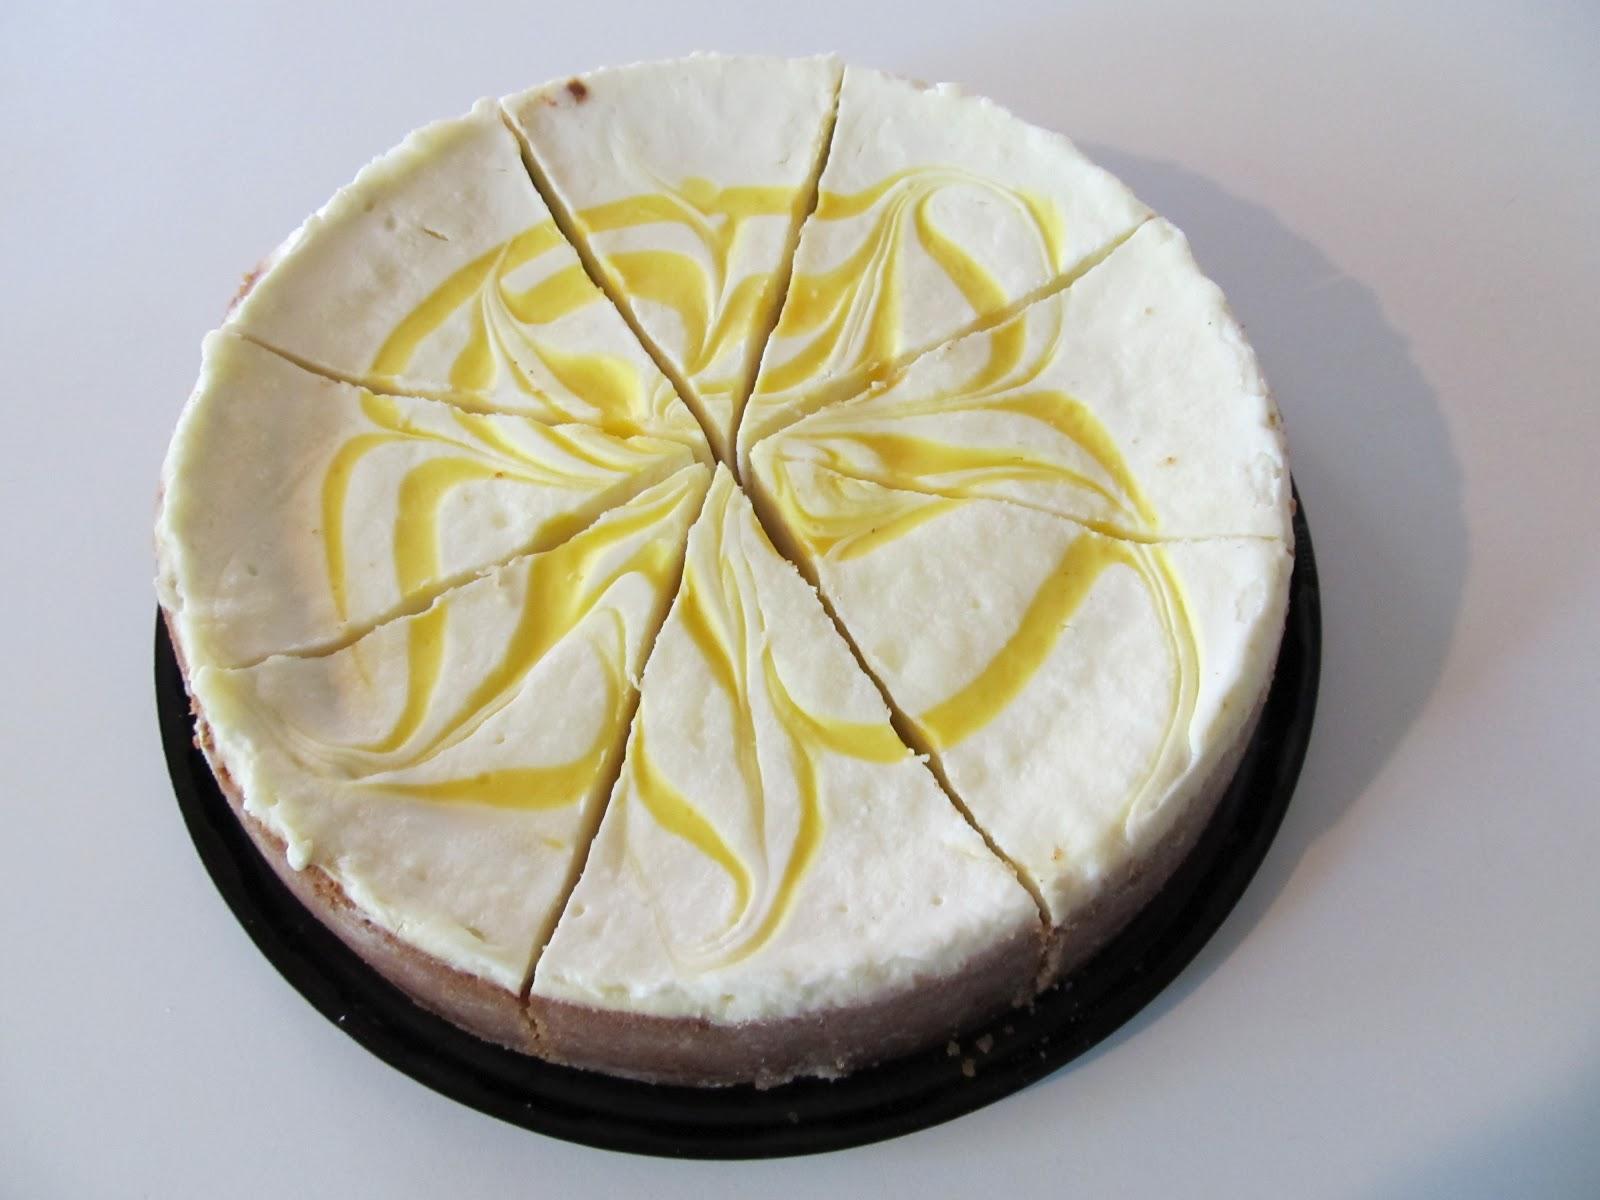 Frozen cake kroger myideasbedroom com
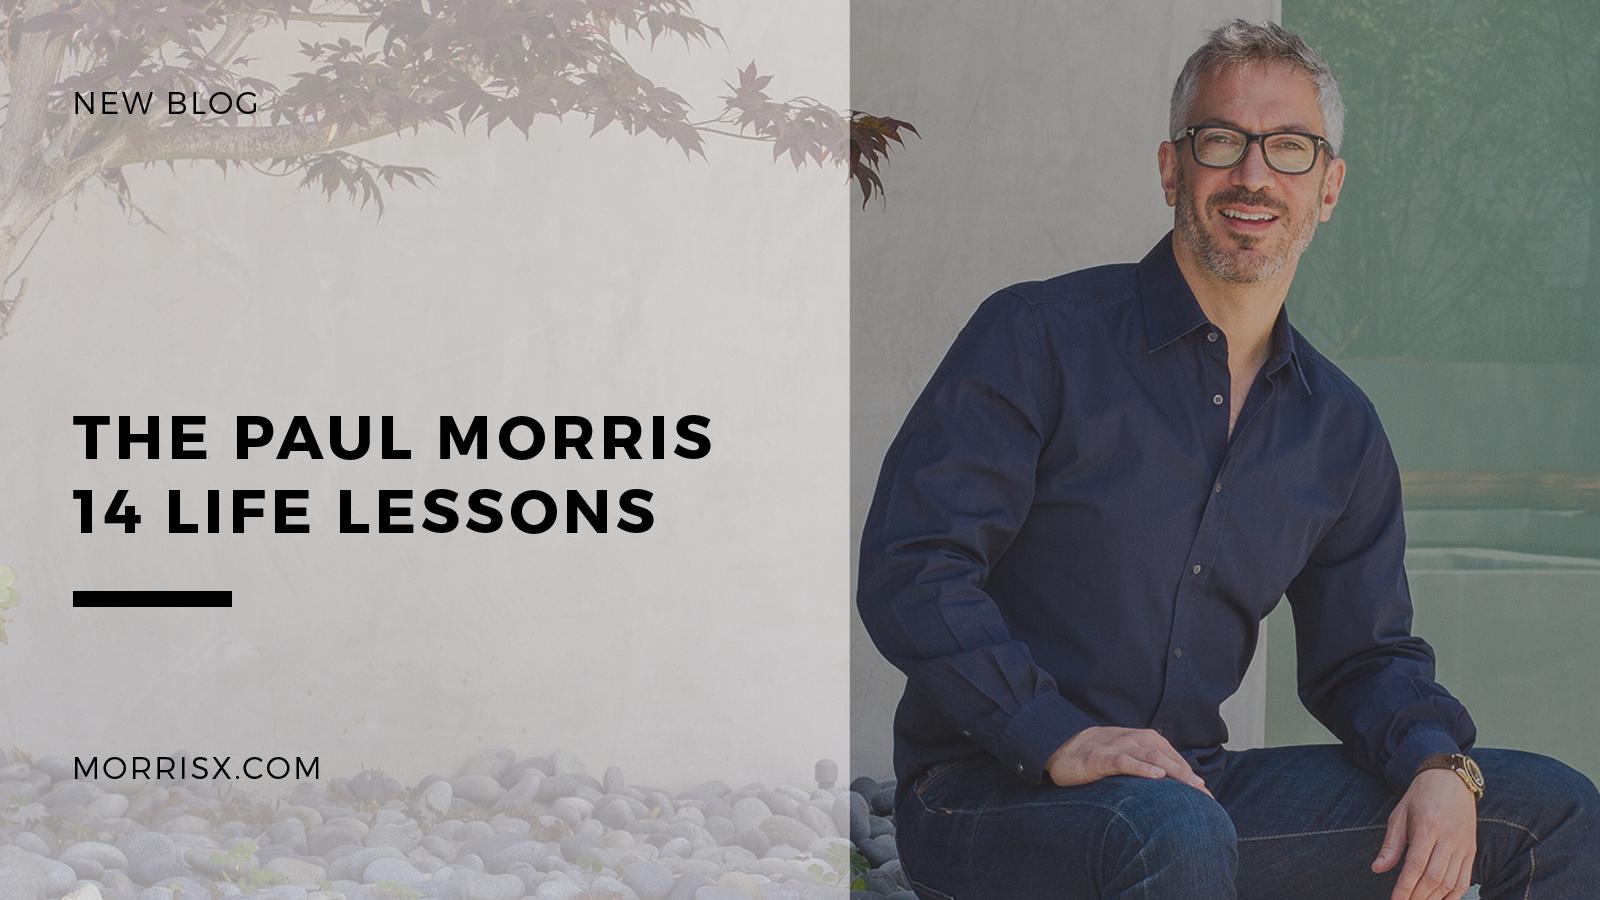 The Paul Morris 14 Life Lessons
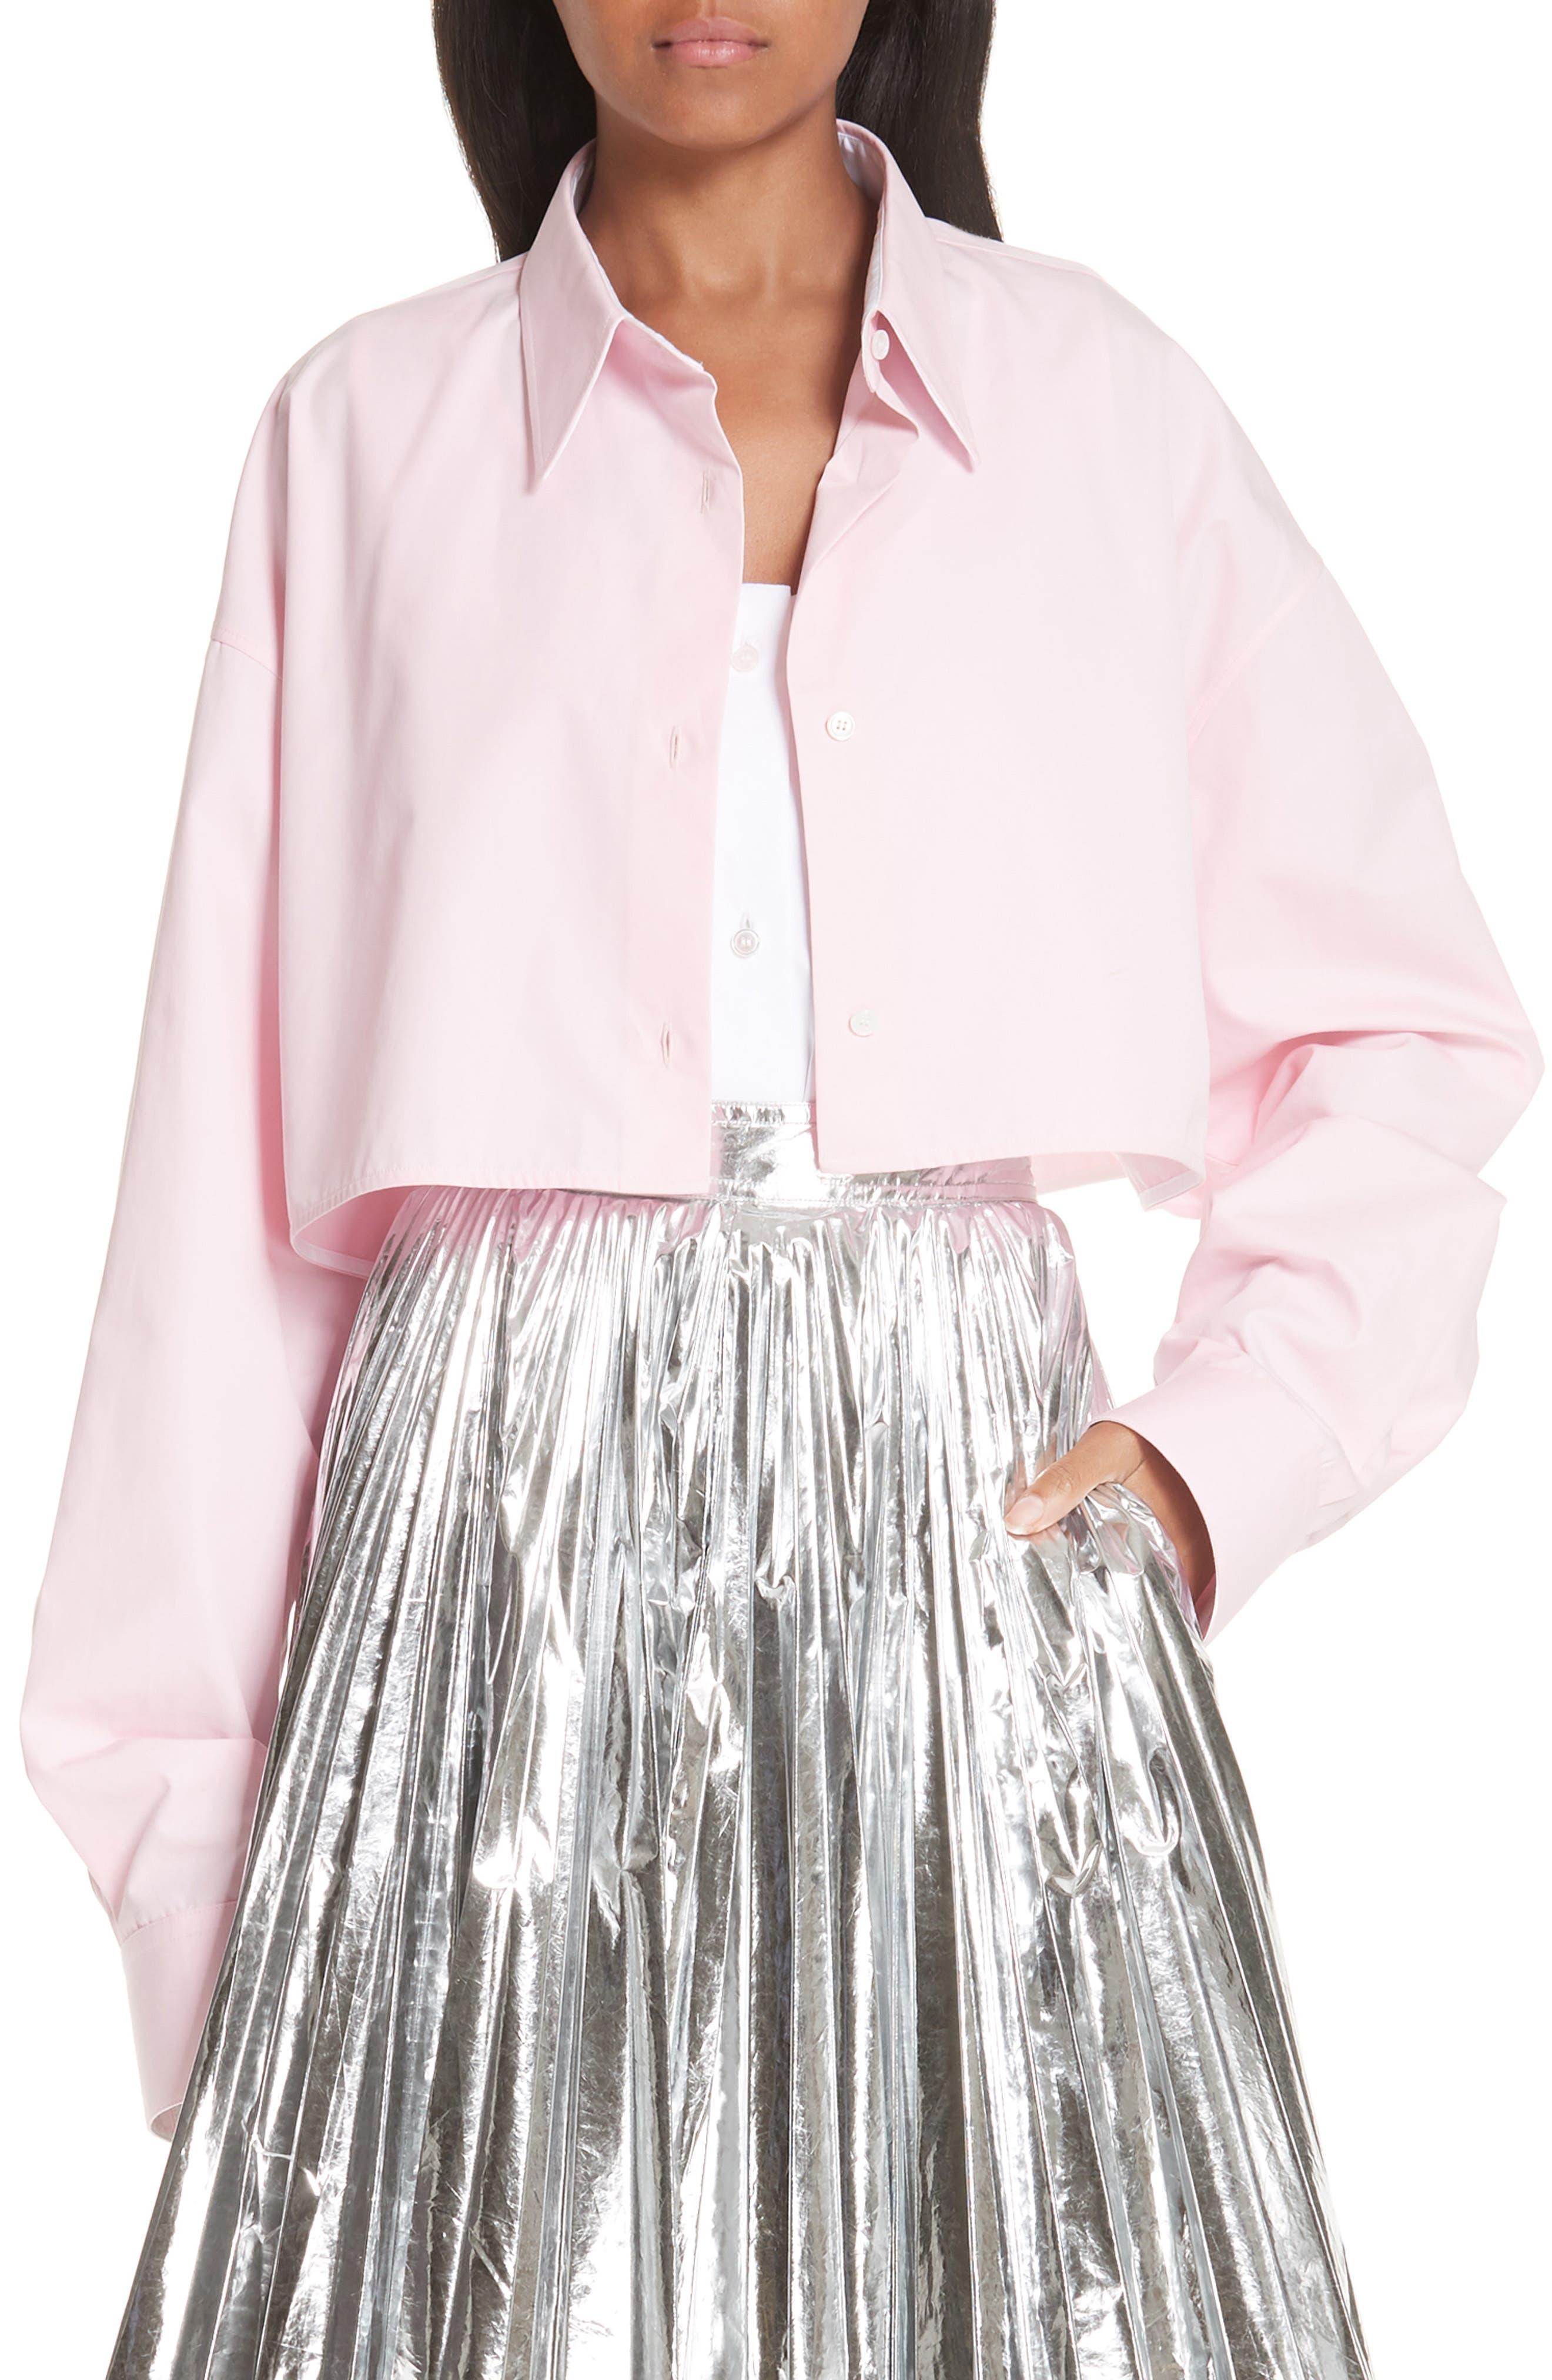 CALVIN KLEIN 205W39NYC Layered Cotton Poplin Shirt, Main, color, ROSE OPTIC WHITE

---

WORK INSTRUCTIONS:
Output the material above exactly as written and drop any images it holds.

REPLY TO THE EXERCISE:
 Frozen cake kroger myideasbedroom com
 The Paul Morris 14 Life Lessons
 CALVIN KLEIN 205W39NYC Layered Cotton Poplin Shirt, Main, color, ROSE OPTIC WHITE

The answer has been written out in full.